▸ **Task**: Word for word, restate the lines from the one holding "Sapphires: 8.52 cts , Diamonds : 1.19 cts" through the last line of the material below, and leave every picture out.

▸ **Data records**:
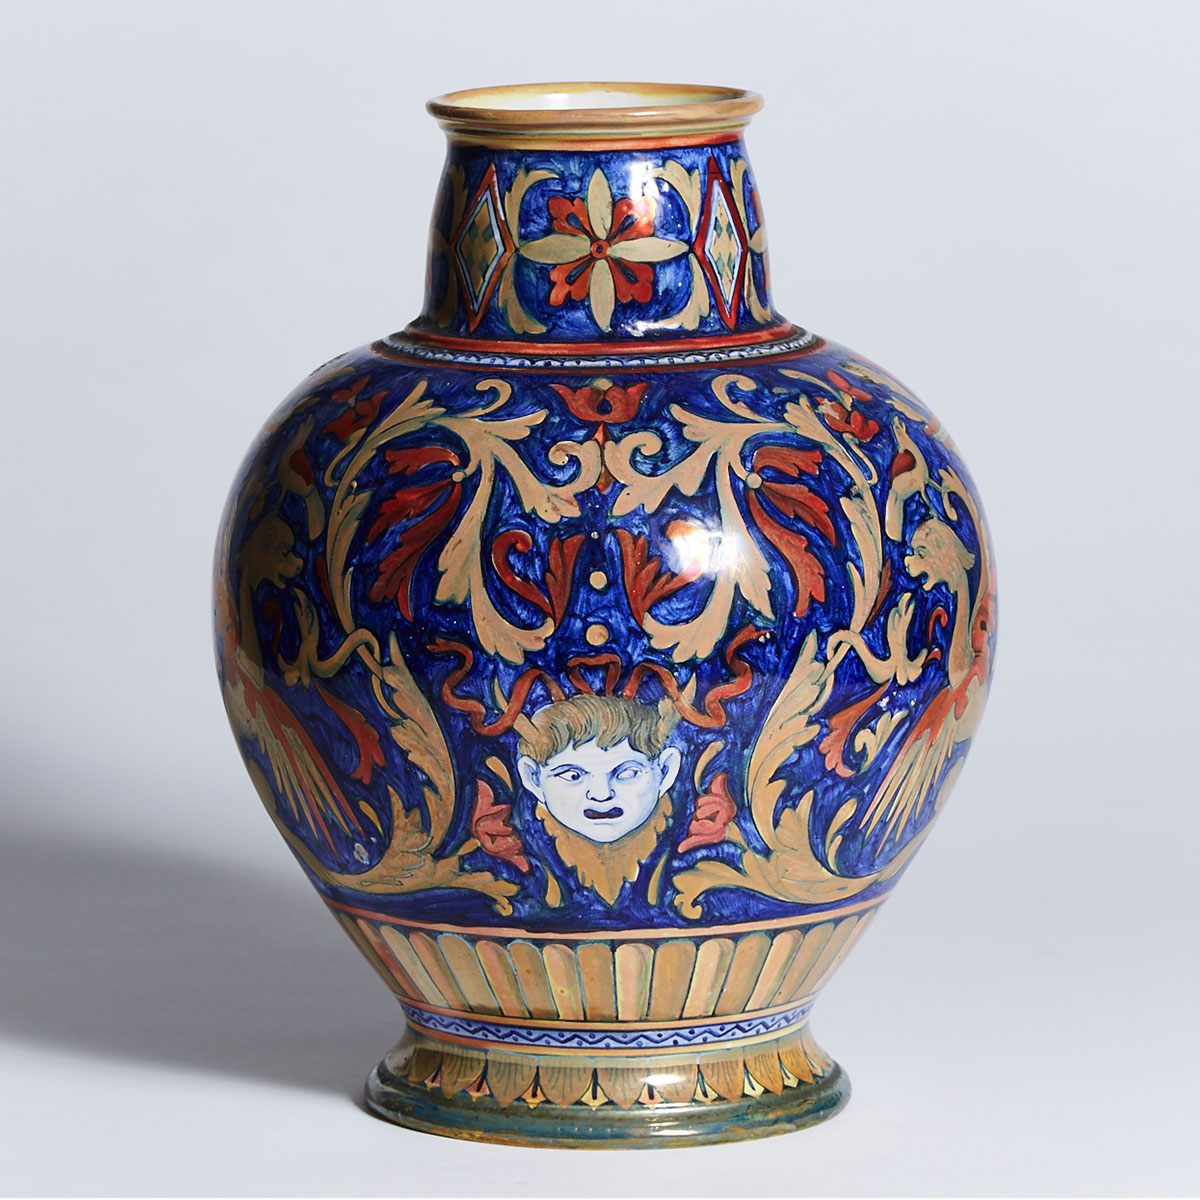 Paolo Rubboli Large Lustre Decorated Faience Vase, early 20th century
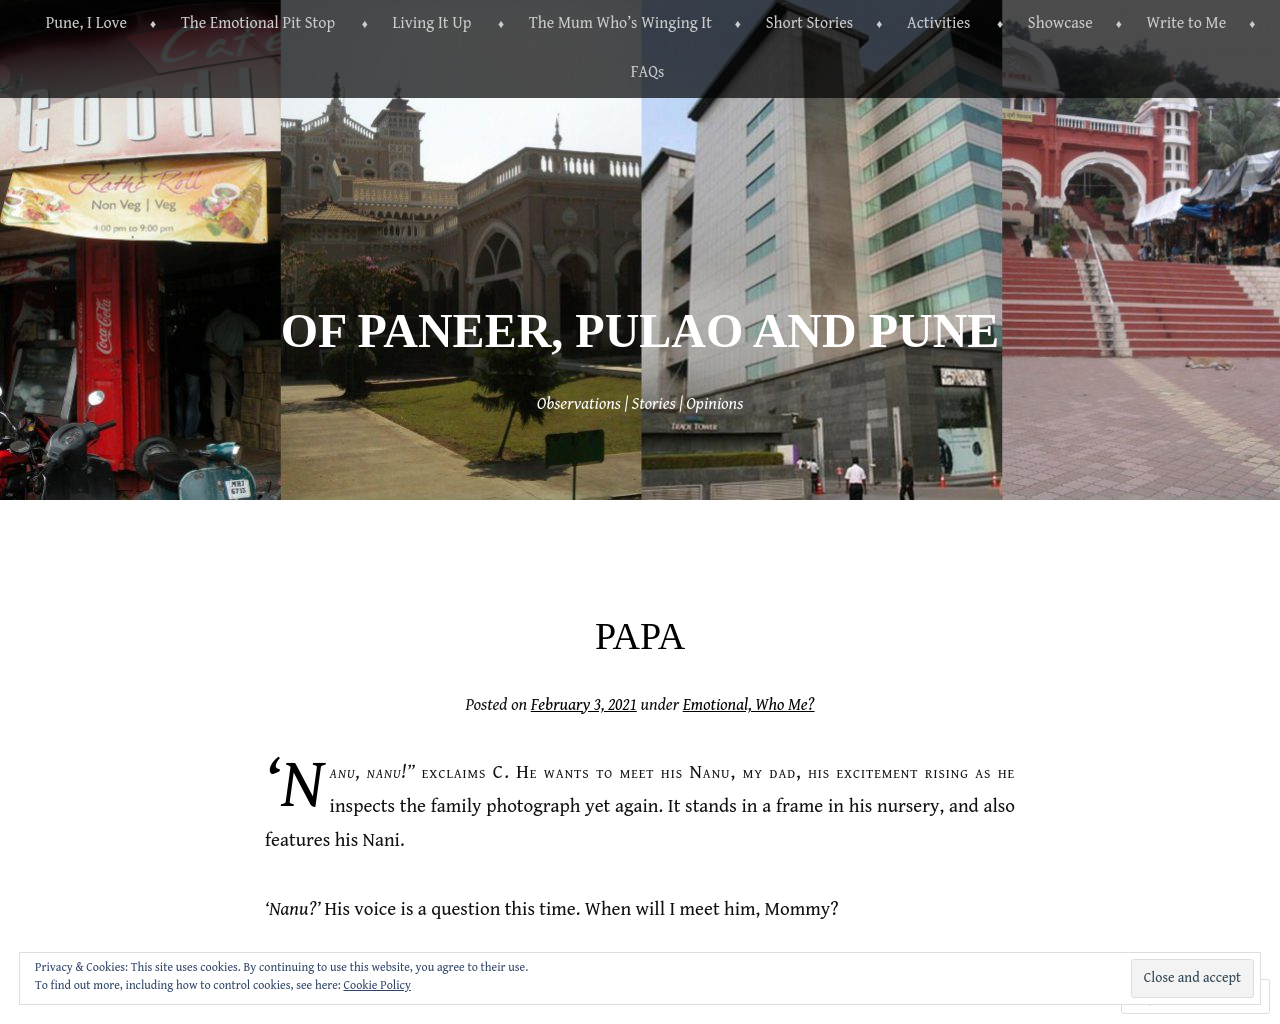 Of Paneer, Pulao and Pune
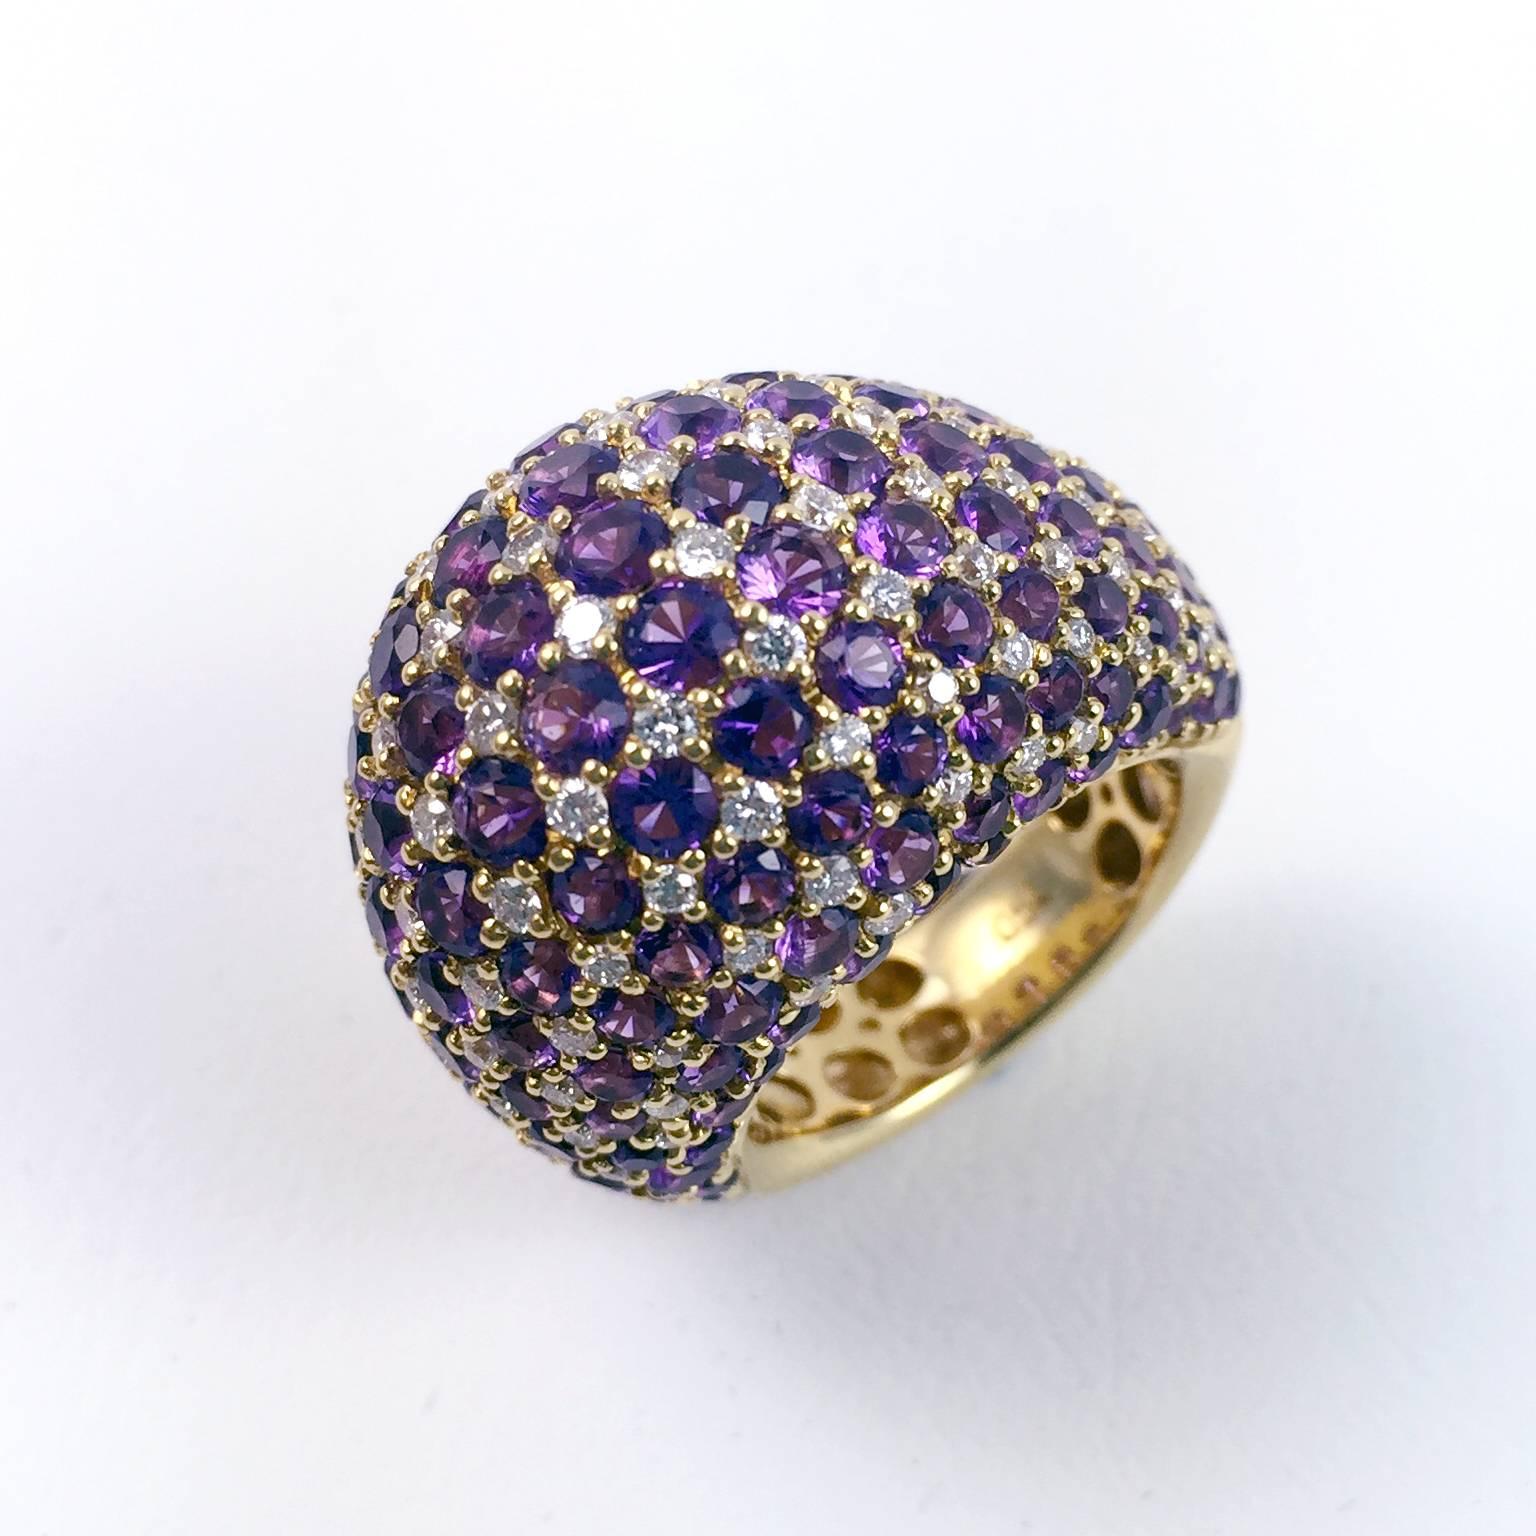 Brilliant cut purple sapphires and diamonds set on a perfectly shaped dome ring.

Sapphires: 8.52 cts , Diamonds : 1.19 cts
weight : 16.35 Grams

Ring Size: 4 ½ (US), 48+ (European). Dome rings are typically (but not exclusively) worn on the
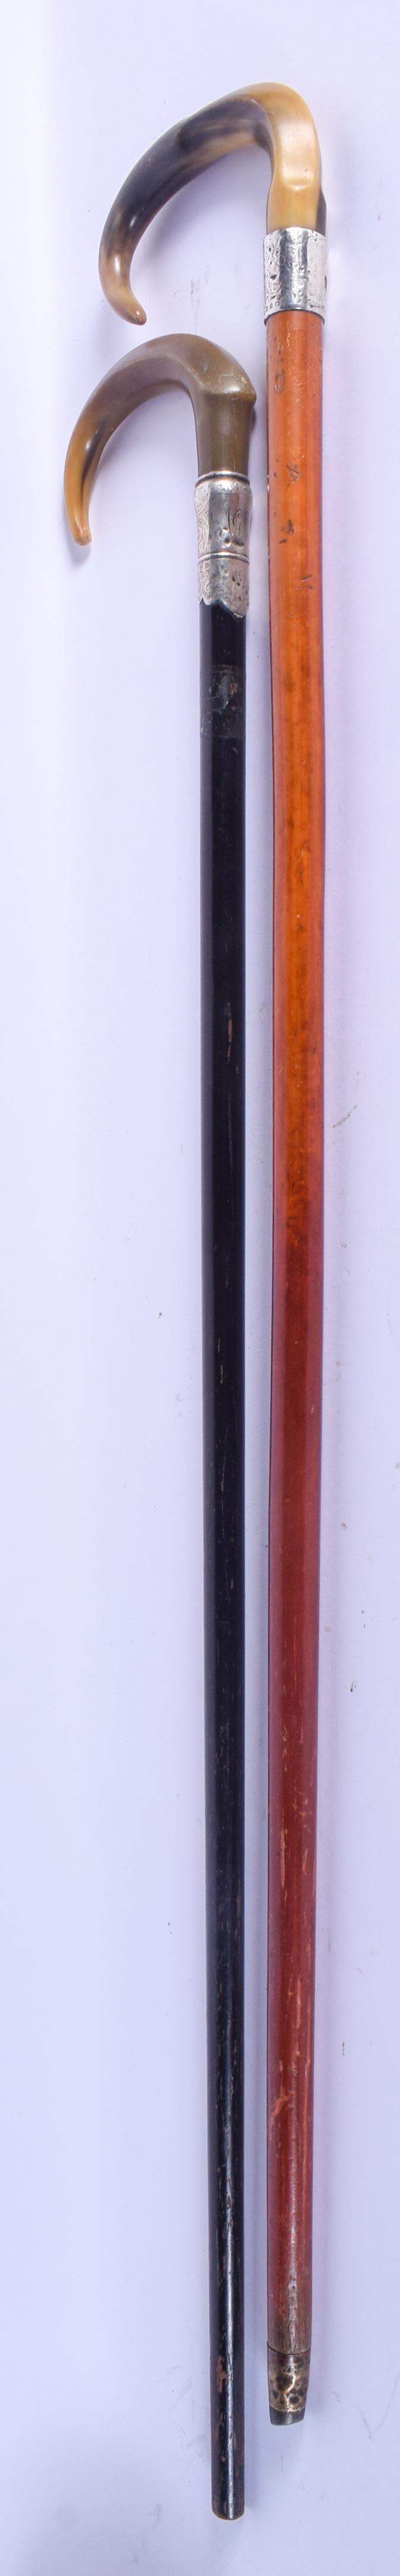 TWO 19TH CENTURY BUFFALO HORN HANDLED WALKING CANES. 88 cm long. (2) - Image 5 of 5

▸ **Problem solution**:
Sapphires: 8.52 cts , Diamonds : 1.19 cts
weight : 16.35 Grams

Ring Size: 4 ½ (US), 48+ (European). Dome rings are typically (but not exclusively) worn on the
 TWO 19TH CENTURY BUFFALO HORN HANDLED WALKING CANES. 88 cm long. (2) - Image 5 of 5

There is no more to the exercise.